Do the design digging
I’ve recently been chatting with a former colleague and friend who is now working on a product I used to.
They shared some of the challenges the team was working through.
What was interesting was that some of challenges were things we’d worked through way back in 2019. Classic sort of “know your API and data” type issues every good interaction or UX designer learns.
Things that meant you have to make sure your designs are based on real data. The screaming capitals style of real data.
What was interesting was that there wasn’t an active part of the team telling and teaching what we’d found out in 2019.
Those lessons were no longer being carried across. And where we’d documented things, those lessons have been archived and no longer being used.
There are times when an outside perspective is useful. To ask questions like “why does this api work like that?”. But a good team should be carrying forward that information and stories. Even between and after suppliers or other teams come and go.
Because something didn’t work before, or there were limitations, doesn’t mean things can’t change. When looking at data and past decisions, you get to rethink or challenge things for the future. To tell the next chapter of how things work.
But when the stories are no longer told, we waste money and time learning what we could have already known. Our research and design doesn’t get past the “so what?”. Or it does a lot later than it could have done.

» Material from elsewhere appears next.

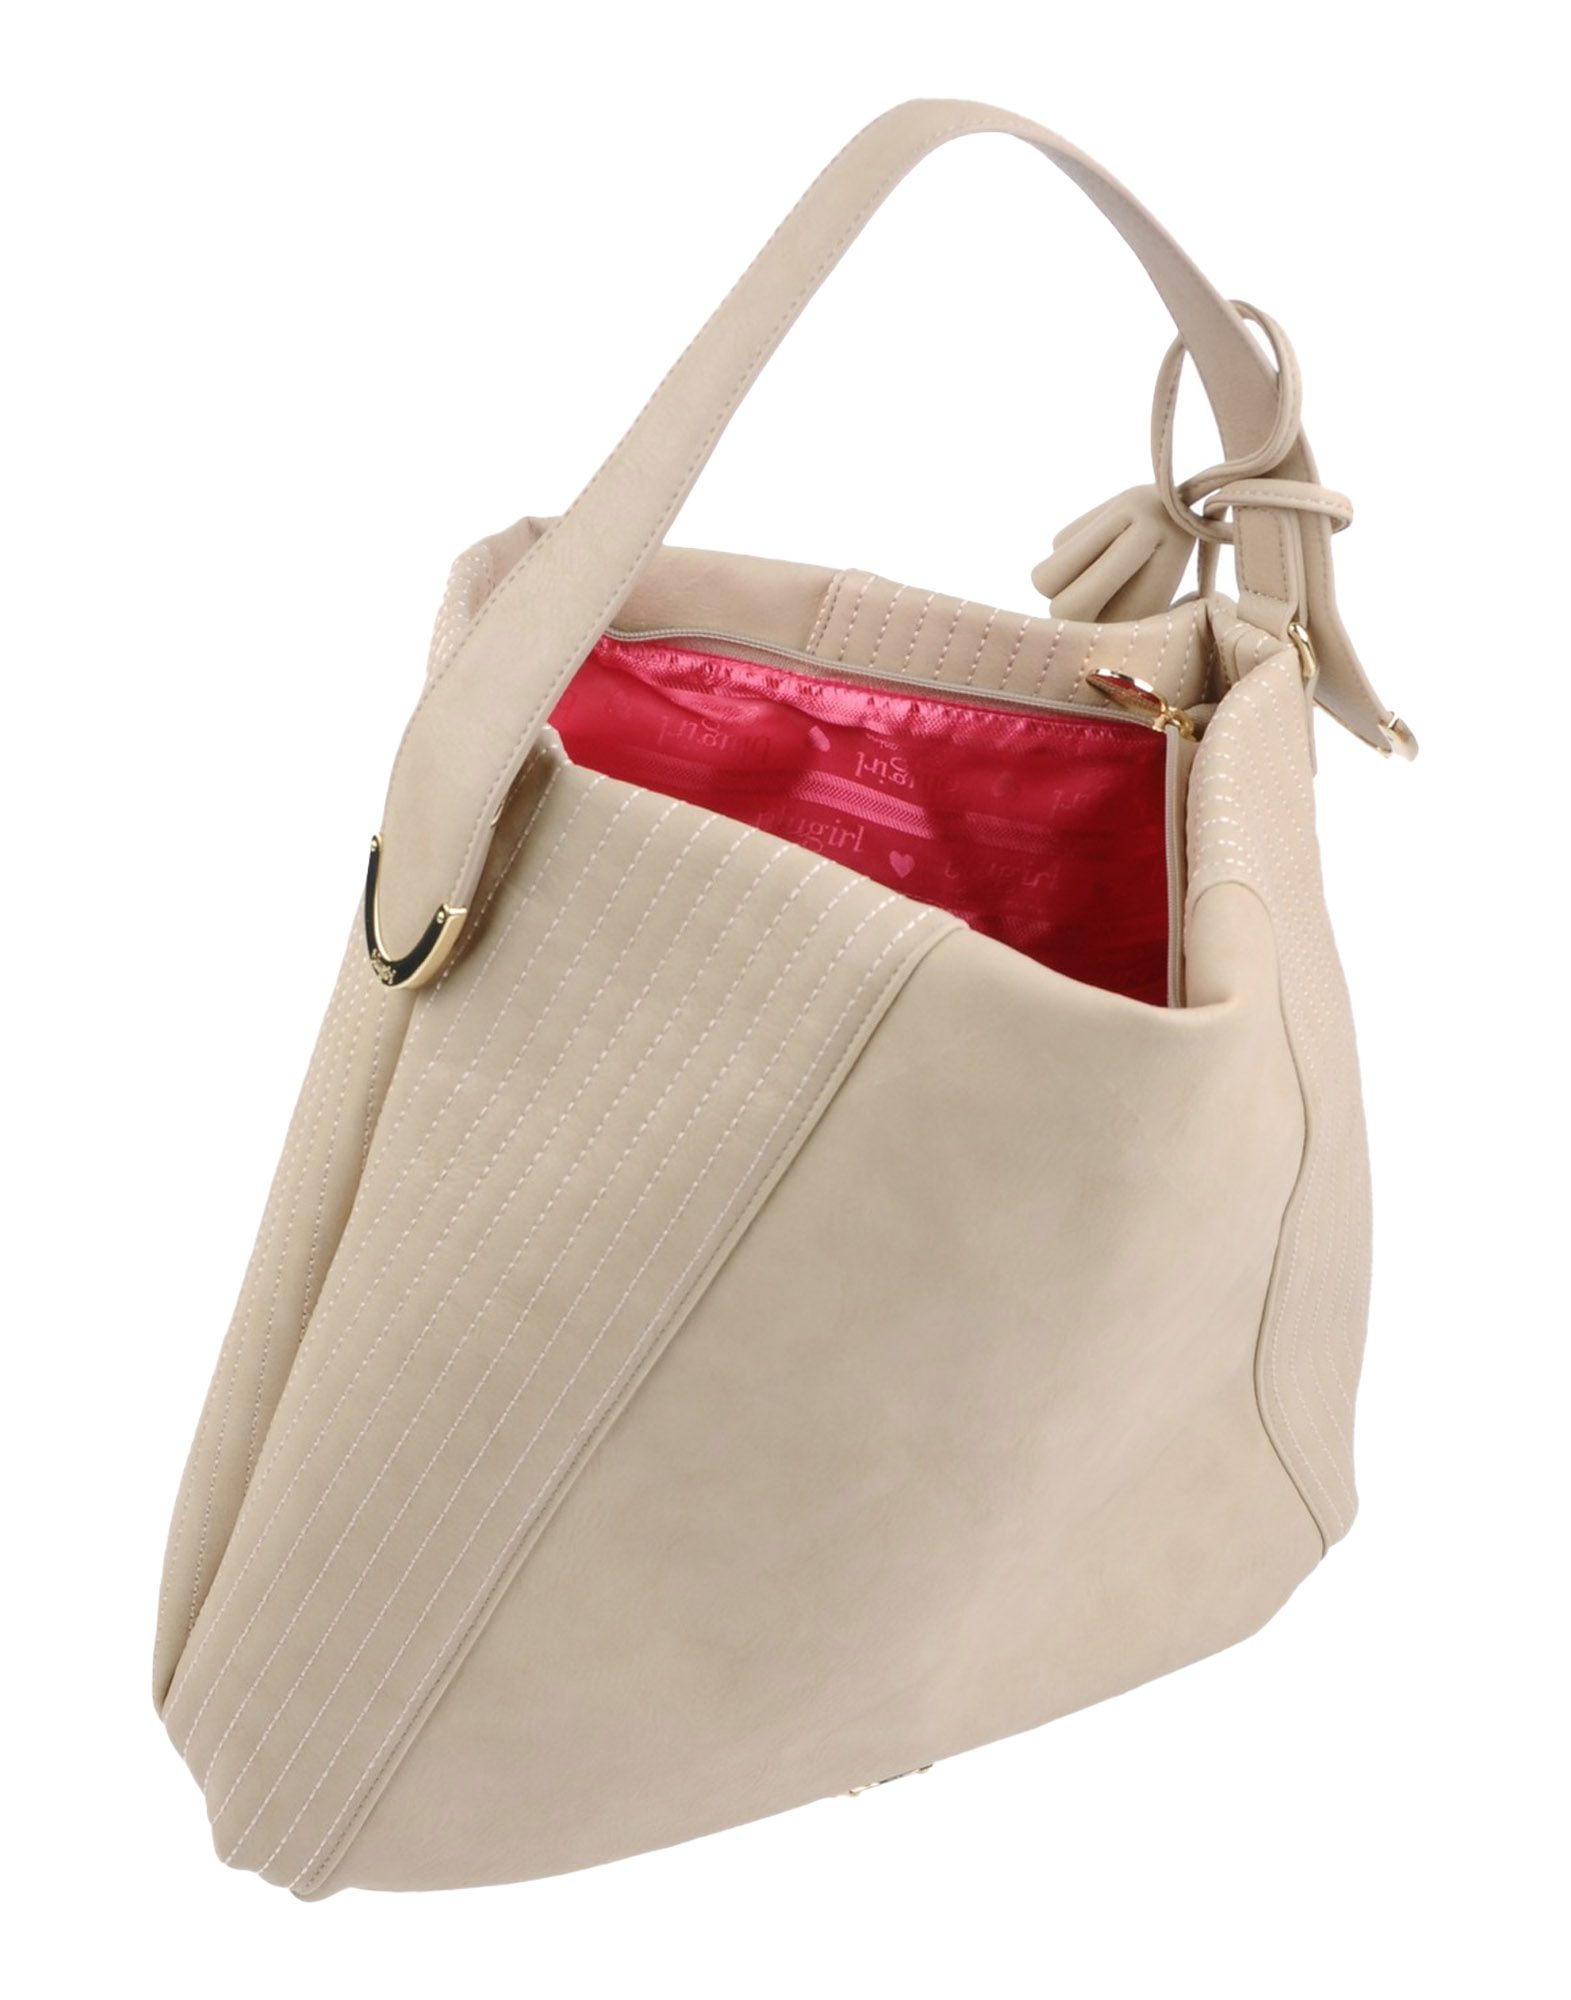 Blugirl blumarine Handbag in Beige

There’s no replacement for learning by doing. But it’s much more fun and valuable to learn new things. Rather than repeating the battles and lessons of the past.
A research and design team that forgets or fails to dig around what’s been learnt before is doomed to repeat the learnings.
How do we avoid this? A good design process starts by digging around and learning what’s been learnt before. And what’s been done. In the enthusiasm for change or design it can be easily forgotten. Every designer has done this. And will do it again no doubt.
But reach out to those before. Or those who’ve done similar. Particularly on a product or service with many dependencies and history.
Make it easy to record and share your thinking. Make it easy to find your thinking.
Make those that decide things aware that when they archive or remove the lessons and learning of the past they’ll be paying to repeat many of them in the future.
If you can influence how teams are put together. Make sure your team blends those that stick around and those that leave. Be they contractors, suppliers etc. Make sure you keep a thread.
But most of all. Do the design digging before you repeat the broken designs of the past.